All Flashcards
What is an algorithm?
A set of instructions designed to solve a specific problem.
What is a problem instance?
A specific input to a problem.
What is a decision problem?
A problem with a yes or no answer.
What is an optimization problem?
A problem that seeks the best solution from many possibilities.
What is algorithm efficiency?
A measure of how many computational resources an algorithm uses.
What is 'reasonable time' in algorithm analysis?
Algorithms that run in polynomial time or lower.
What is 'unreasonable time' in algorithm analysis?
Algorithms that run in exponential or factorial time.
What are heuristics?
Approximation techniques used when finding an exact solution is too difficult or time-consuming.
Define polynomial time.
A running time that increases as a polynomial function of the input size (e.g., n, n^2, n^3).
Define exponential time.
A running time that increases exponentially as the input size grows (e.g., 2^n, 3^n).
What are the differences between decision and optimization problems?
Decision: Yes/No answer | Optimization: Seeks the best solution.

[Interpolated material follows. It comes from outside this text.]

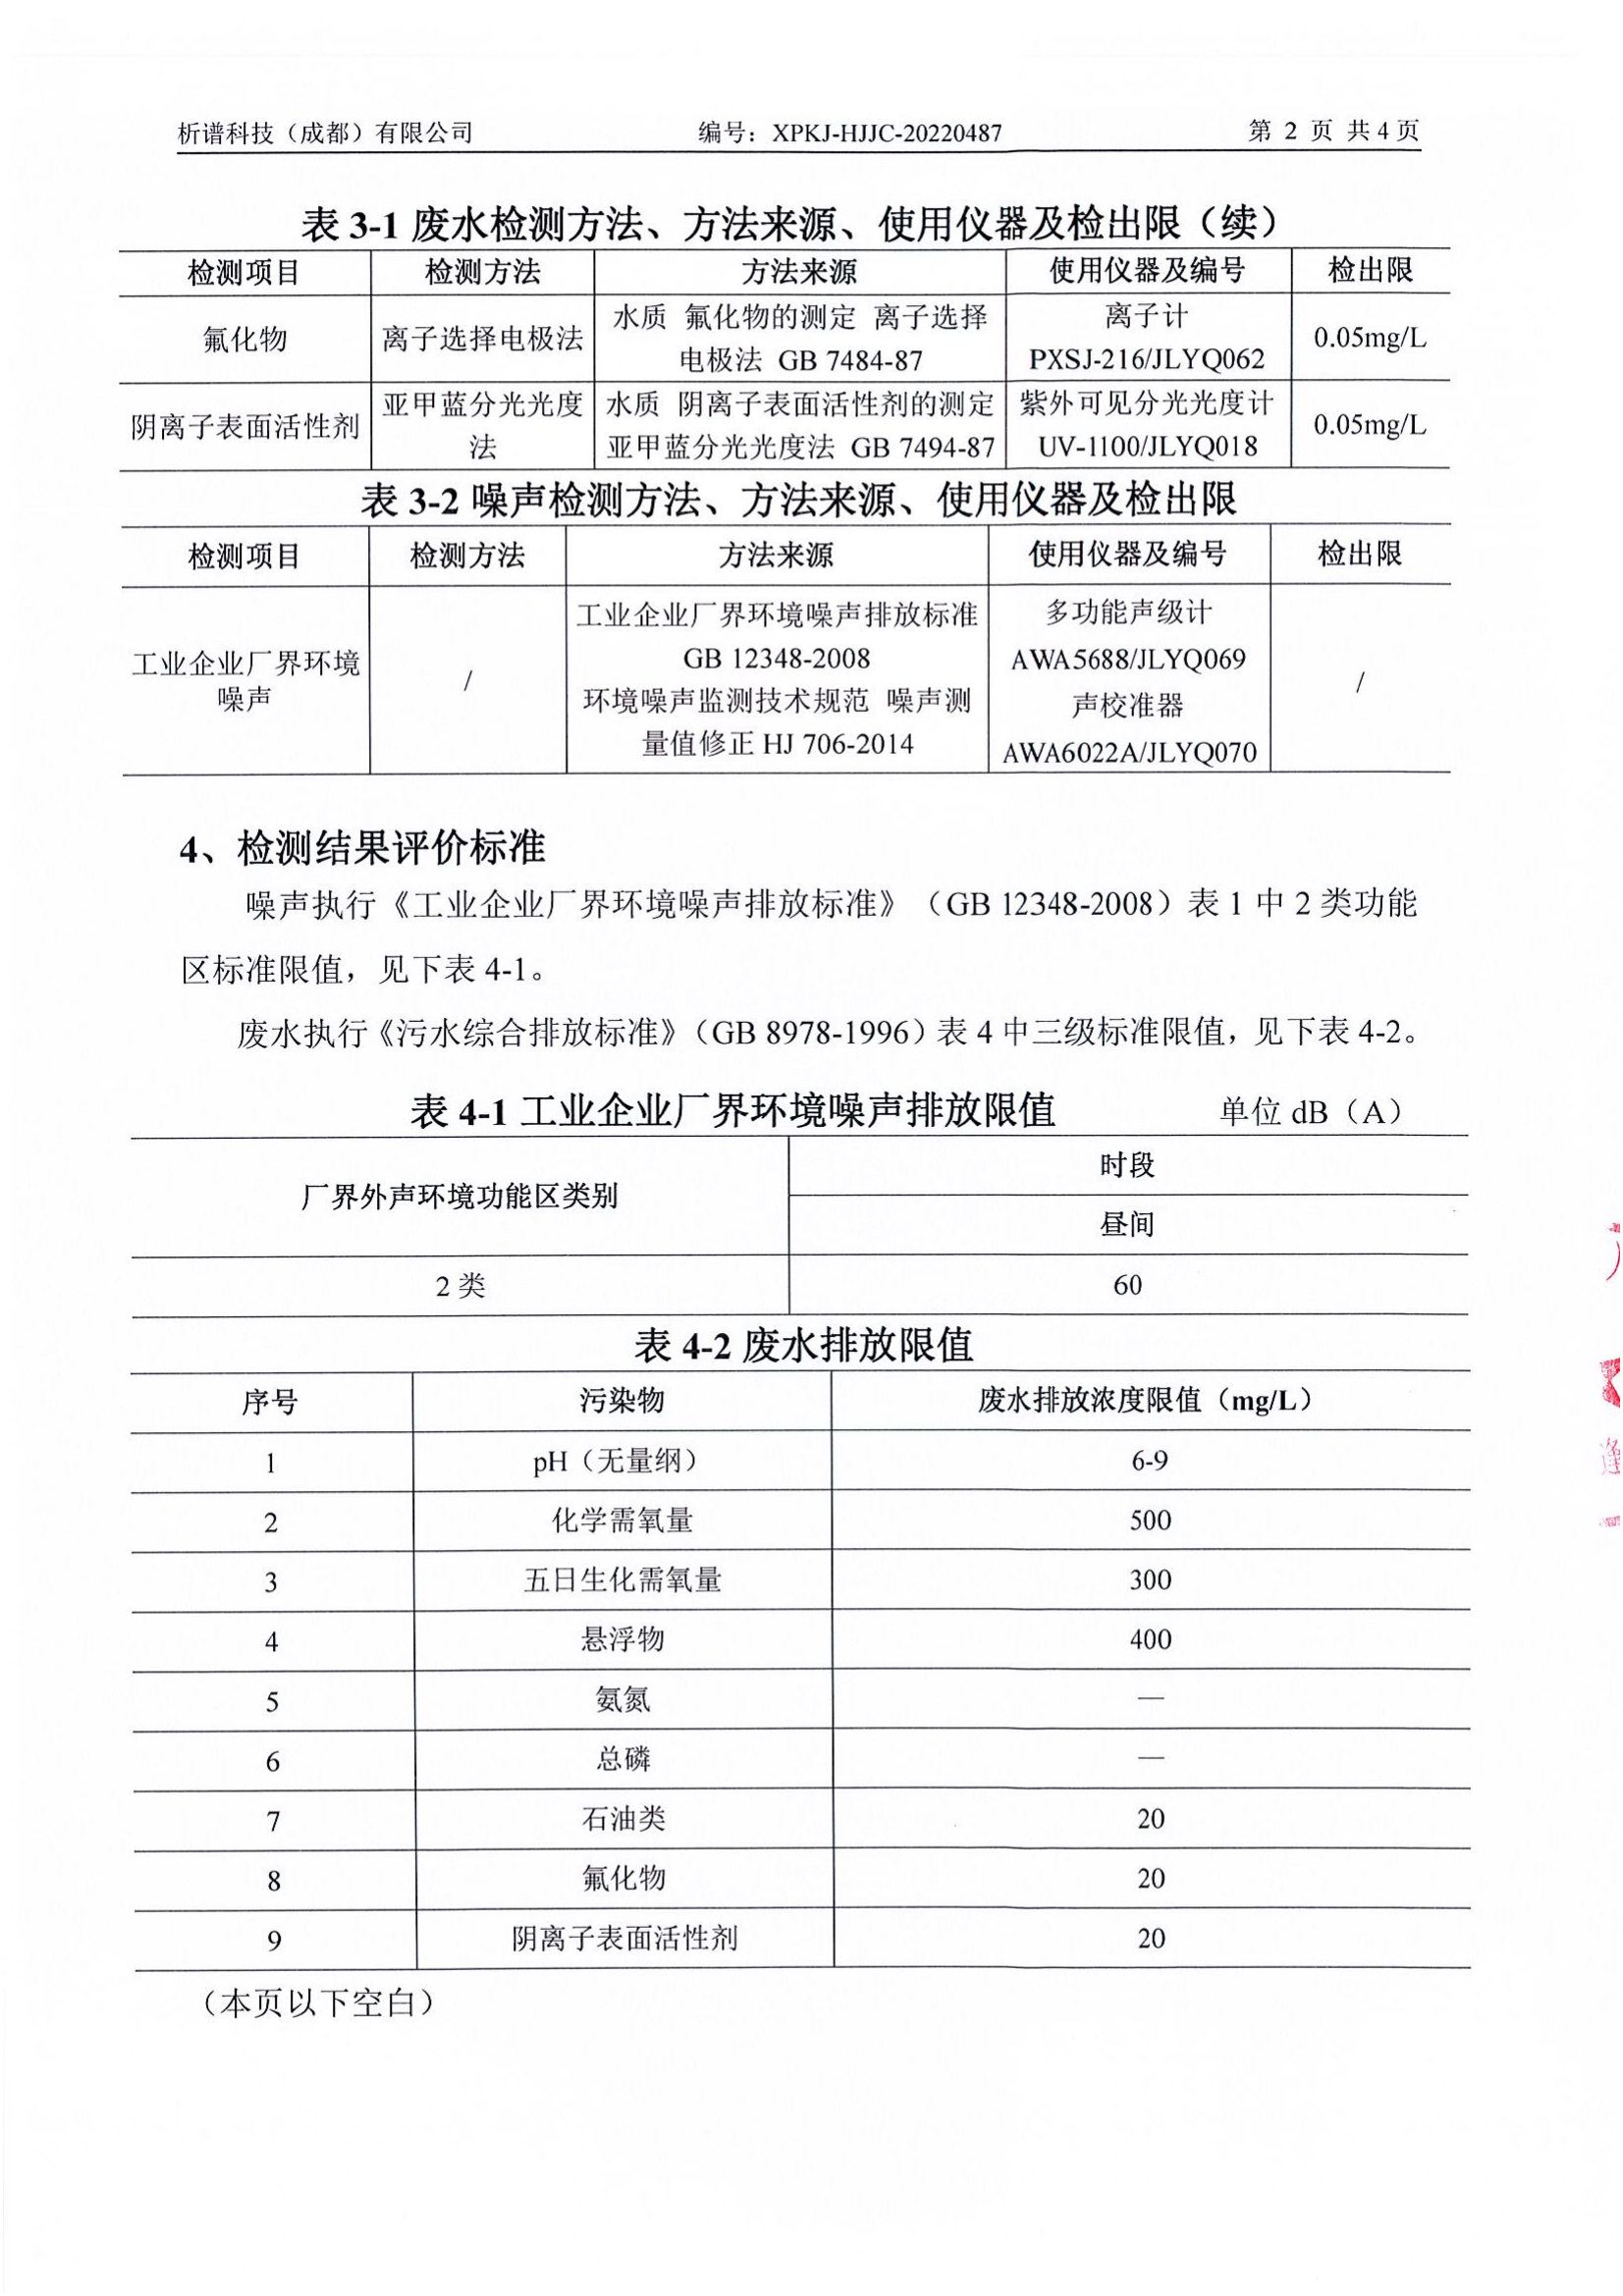 德阳凯达门业有限公司废水噪声7月报告_03.png

What are the differences between reasonable and unreasonable time?
Reasonable: Polynomial time | Unreasonable: Exponential/Factorial time.
What are the differences between algorithms and heuristics?
Algorithms: Guarantee a correct solution | Heuristics: Aim for a 'good enough' solution.
Compare the time complexity of linear search vs. binary search.
Linear Search: O(n) | Binary Search: O(log n) (for sorted data).
Compare the space complexity of iterative vs. recursive algorithms.
Iterative: Generally lower space complexity | Recursive: Can have higher space complexity due to call stack.
What are the differences between a brute-force algorithm and a dynamic programming algorithm?
Brute-force: Tries all possible solutions | Dynamic Programming: Breaks the problem into subproblems and stores the results to avoid redundant computations.
What are the differences between best-case, average-case, and worst-case time complexity?
Best-case: Minimum time required | Average-case: Expected time required | Worst-case: Maximum time required.
Compare and contrast depth-first search (DFS) and breadth-first search (BFS) graph traversal algorithms.
DFS: Explores as far as possible along each branch before backtracking | BFS: Explores all the neighbor nodes at the present depth prior to moving on to the nodes at the next depth level.
What are the differences between a greedy algorithm and a divide-and-conquer algorithm?
Greedy: Makes the locally optimal choice at each step | Divide-and-conquer: Divides the problem into smaller subproblems, solves them recursively, and combines the solutions.
What are the differences between time complexity and space complexity?
Time complexity: Measures the amount of time an algorithm takes to run as a function of the input size | Space complexity: Measures the amount of memory space an algorithm requires as a function of the input size.
What is the significance of polynomial time?
Indicates an algorithm is generally efficient and scalable.
Why are exponential time algorithms considered inefficient?
Their runtime grows very quickly, making them impractical for large inputs.
When should heuristics be used?
When finding the optimal solution is too computationally expensive.
How does input size affect algorithm efficiency?
Larger inputs generally require more computational resources, impacting efficiency.
What is the trade-off when using heuristics?
Accuracy is sacrificed for speed and feasibility.
What is the goal of algorithm design?
To solve a problem efficiently using minimal resources.
Explain the relationship between problem type and algorithm efficiency.
Optimization problems can be more computationally intensive than decision problems.
What does it mean for an algorithm to be 'scalable'?
The algorithm maintains reasonable efficiency as the input size increases.
What is the importance of understanding algorithm efficiency?
Helps in choosing the best approach for solving a problem within resource constraints.
How do heuristics relate to unreasonable time complexity?
Heuristics provide practical solutions when a problem has unreasonable time complexity.